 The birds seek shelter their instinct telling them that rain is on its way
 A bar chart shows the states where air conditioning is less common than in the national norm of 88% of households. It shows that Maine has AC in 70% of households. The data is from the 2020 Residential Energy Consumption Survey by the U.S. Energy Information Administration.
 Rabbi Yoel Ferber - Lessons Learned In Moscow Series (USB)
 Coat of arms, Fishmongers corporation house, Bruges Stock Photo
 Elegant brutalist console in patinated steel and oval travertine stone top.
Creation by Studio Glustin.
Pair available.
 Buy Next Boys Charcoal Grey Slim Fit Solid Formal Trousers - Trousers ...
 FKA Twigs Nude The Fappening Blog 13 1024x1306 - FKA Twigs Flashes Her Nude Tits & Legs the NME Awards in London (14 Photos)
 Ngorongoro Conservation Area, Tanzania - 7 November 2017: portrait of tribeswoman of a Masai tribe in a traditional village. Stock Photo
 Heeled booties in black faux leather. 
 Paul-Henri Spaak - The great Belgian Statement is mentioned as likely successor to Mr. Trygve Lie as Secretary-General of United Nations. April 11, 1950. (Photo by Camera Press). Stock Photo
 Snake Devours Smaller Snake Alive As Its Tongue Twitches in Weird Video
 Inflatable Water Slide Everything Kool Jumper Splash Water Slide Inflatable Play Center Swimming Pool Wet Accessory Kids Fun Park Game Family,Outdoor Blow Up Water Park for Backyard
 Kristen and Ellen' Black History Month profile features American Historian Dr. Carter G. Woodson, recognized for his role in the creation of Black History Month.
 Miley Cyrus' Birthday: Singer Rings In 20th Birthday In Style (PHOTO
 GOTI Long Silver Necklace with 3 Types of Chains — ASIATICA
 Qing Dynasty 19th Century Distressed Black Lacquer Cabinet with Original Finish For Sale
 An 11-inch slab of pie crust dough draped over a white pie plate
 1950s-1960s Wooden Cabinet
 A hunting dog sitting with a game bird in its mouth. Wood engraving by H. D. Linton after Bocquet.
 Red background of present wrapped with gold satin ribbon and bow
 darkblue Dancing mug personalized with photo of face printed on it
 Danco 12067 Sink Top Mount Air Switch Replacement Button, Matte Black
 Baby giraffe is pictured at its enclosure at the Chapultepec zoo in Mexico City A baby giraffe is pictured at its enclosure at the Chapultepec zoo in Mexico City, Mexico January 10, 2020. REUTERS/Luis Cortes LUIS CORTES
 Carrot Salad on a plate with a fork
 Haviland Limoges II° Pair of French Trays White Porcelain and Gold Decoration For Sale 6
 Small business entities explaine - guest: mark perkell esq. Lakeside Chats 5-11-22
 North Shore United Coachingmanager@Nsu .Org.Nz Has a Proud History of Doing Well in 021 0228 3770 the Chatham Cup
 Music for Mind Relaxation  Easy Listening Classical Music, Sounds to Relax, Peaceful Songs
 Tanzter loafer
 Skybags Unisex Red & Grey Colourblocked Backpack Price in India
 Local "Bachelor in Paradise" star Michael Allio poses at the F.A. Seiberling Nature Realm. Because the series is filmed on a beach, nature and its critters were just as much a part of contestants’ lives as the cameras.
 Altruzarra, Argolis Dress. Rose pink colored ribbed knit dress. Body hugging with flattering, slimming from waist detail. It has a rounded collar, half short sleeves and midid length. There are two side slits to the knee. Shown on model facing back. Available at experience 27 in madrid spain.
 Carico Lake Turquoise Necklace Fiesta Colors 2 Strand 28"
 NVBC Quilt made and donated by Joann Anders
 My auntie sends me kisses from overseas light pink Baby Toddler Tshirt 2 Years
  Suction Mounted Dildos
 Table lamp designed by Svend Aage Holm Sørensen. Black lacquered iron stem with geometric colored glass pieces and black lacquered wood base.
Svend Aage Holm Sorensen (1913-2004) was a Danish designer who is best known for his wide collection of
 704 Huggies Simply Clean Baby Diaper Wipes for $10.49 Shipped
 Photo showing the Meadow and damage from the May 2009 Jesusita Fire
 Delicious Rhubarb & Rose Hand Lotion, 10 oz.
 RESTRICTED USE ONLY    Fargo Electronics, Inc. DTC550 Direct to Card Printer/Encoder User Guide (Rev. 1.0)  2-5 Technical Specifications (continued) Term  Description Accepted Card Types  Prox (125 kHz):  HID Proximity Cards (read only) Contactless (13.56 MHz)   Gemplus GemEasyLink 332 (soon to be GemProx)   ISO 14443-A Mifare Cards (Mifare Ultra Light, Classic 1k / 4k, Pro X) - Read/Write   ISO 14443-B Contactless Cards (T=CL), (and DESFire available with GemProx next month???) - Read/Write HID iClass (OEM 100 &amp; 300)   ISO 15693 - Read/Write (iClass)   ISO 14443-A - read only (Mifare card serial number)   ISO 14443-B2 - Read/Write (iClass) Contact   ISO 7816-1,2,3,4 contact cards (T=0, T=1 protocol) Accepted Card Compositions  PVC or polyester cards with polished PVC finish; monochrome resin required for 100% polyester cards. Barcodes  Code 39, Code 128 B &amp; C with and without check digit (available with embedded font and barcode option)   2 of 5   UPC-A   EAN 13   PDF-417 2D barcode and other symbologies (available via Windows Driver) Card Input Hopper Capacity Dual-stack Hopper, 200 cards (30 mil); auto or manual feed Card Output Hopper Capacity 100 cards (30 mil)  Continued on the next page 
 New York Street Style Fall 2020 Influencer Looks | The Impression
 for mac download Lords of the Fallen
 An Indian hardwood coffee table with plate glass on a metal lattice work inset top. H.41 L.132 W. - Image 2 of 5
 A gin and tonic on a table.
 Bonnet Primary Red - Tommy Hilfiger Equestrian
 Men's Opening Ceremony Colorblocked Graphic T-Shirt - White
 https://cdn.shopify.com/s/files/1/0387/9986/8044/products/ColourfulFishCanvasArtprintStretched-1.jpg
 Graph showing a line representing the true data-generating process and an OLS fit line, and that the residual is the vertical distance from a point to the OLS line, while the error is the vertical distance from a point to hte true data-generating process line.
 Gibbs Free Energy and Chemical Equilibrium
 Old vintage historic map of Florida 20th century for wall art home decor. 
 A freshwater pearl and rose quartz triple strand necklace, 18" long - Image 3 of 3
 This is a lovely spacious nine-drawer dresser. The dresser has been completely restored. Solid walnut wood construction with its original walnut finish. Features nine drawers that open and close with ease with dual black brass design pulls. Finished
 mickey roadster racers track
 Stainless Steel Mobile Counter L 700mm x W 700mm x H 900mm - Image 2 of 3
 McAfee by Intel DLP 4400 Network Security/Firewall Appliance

◆ ASSIGNMENT:
Say the number of lines above that include "Grey", and only that.

◆ SOLUTION:
2